Lincoln Hated Slavery, But Had to Contend With Politics

February 10, 2021

Professor James Oakes offers a new look at Lincoln, how he interpreted the Constitution, and his approach to emancipation and abolition, in a new book.

Professor James Oakes and the cover of his latest book, "The Crooked Path to Abolition: Abraham Lincoln and the Antislavery Constitution."

Was the Constitution as written by the Founding Fathers an inherently proslavery or antislavery document?
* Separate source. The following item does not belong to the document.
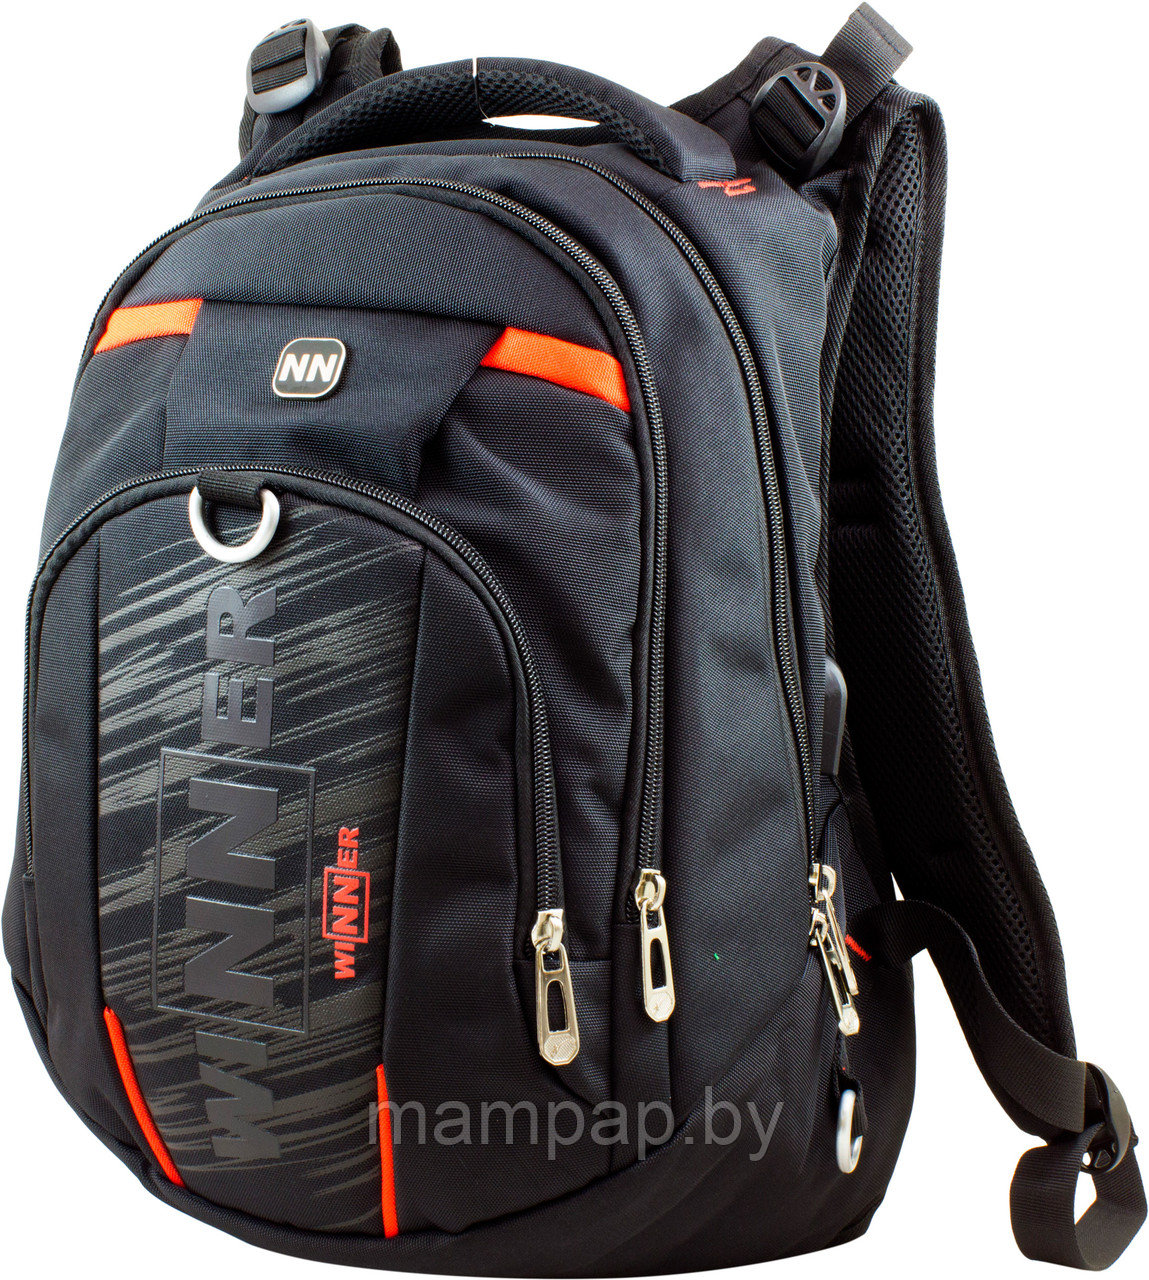 Школьный рюкзак Winner one 8806-4  черный с оранжевыми вставками

And was Abraham Lincoln "a secular saint, the man who freed millions of slaves with the stroke of his hand," "a reluctant emancipator, an instinctive conservative whose willingness to attack slavery was held in check by his inability to imagine that Black people, once freed, could live as equals among white Americans?"

Both versions of Lincoln assume he had "enormous powers that he simply did not have," writes Distinguished Professor James Oakes (History) in a new book, The Crooked Path to Abolition: Abraham Lincoln and the Antislavery Constitution. Oakes proposes a "third Lincoln" whose "deliberate approach to emancipation and abolition" reflected a commitment to consensus along with a deep belief that "the promise of fundamental human equality," as embodied in the Declaration of Independence, "was flatly incompatible with slavery."
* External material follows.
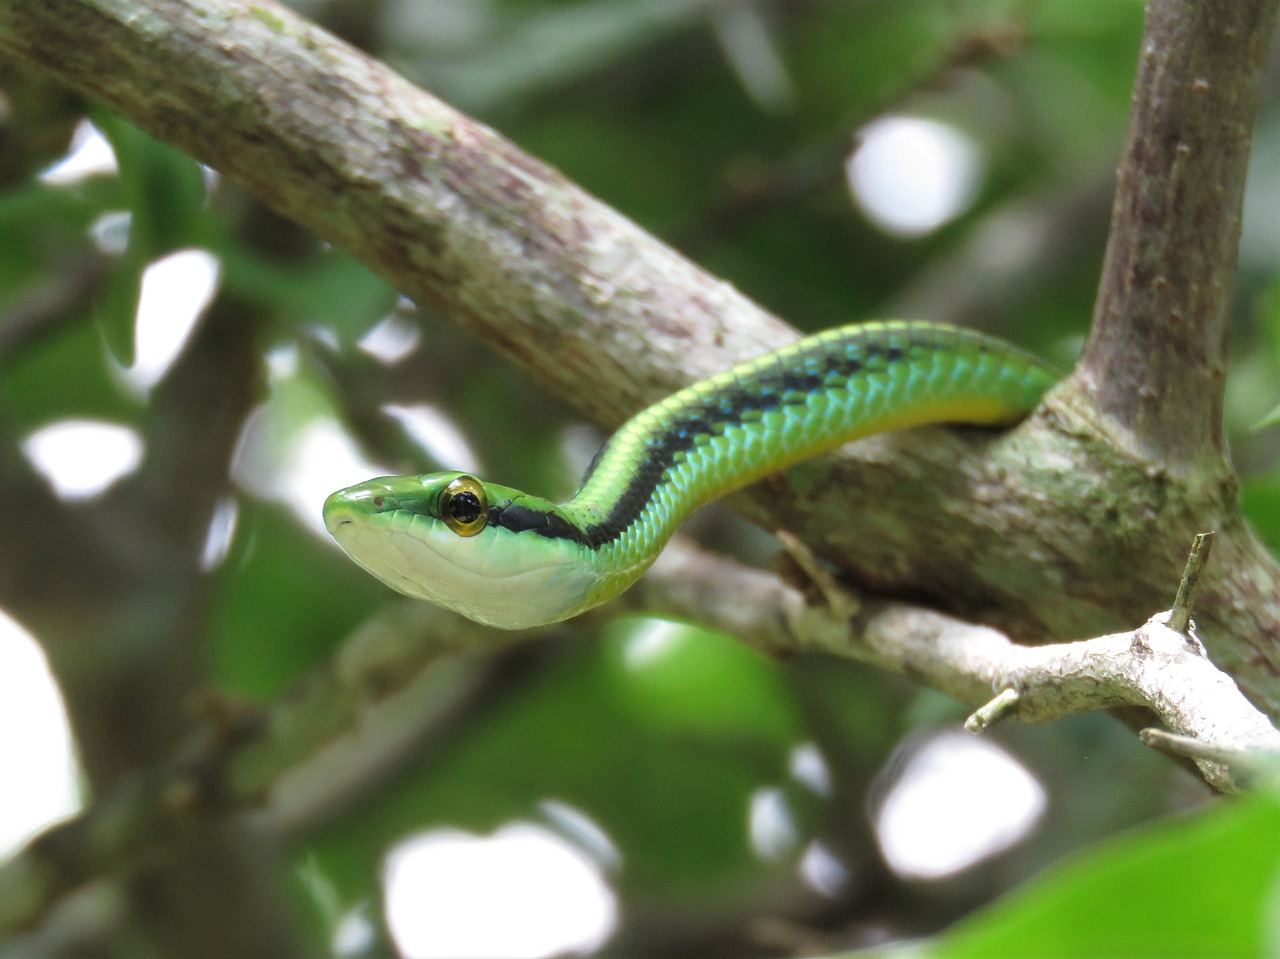 leptophis green snake vine snake free photo

Oakes notes that Lincoln never joined an abolitionist society, never endorsed defiance of the Fugitive Slave Act, and "rarely referred" to slavery's "gruesome features." He "never called for the immediate emancipation of the slaves ... and never endorsed the civil or political equality of blacks and whites." Nor did he claim that the Constitution gave Congress the power to abolish slavery in the states. Despite that, Oakes says, Lincoln hated slavery as much as any abolitionist, and "openly attacked slavery as a social, political, and moral evil."

The Crooked Path to Abolition was reviewed in both The Wall Street Journal and The New York Times, which called it a "very solid, carefully and rigorously argued book" showing "how antislavery constitutionalism emerged in a dialectical struggle with pro-slavery constitutionalism in antebellum America."

Oakes says that Lincoln — in keeping with the conventional wisdom of millions of Northerners and most of their Congressional representatives —  viewed the Constitution as an antislavery document. In this interpretation, the Constitution gave the federal government power to abolish the Atlantic slave trade, ban slavery from the territories and in Washington, D.C., protect the due process rights of fugitive slaves, and emancipate slaves in wartime.
In contrast, slaveholders viewed the Constitution as inherently proslavery because of the fugitive slave clause and because it counted enslaved persons as three-fifths of a person, which increased the political clout of slaveholding states.

Those two competing views of the Constitution "emerged in reaction to each other" Oakes writes, with "each side solemnly invoking the text produced by the founders." Oakes says his own view is that the document can be read either way, but that "the antislavery reading now strikes me as more compelling — and the proslavery reading less persuasive —  than I once believed." Oakes says one of the "least understood" features of Lincoln's presidency was his use of the Emancipation Proclamation as a "tool" for "exerting pressure" on states to abolish slavery on their own. He also believed the proclamation was "not enough" to ensure slavery's demise. The ratification of the 13th Amendment, which required three-fourth of states supporting it, was an essential final step made possible because of the secession of slave states and admission of new free states.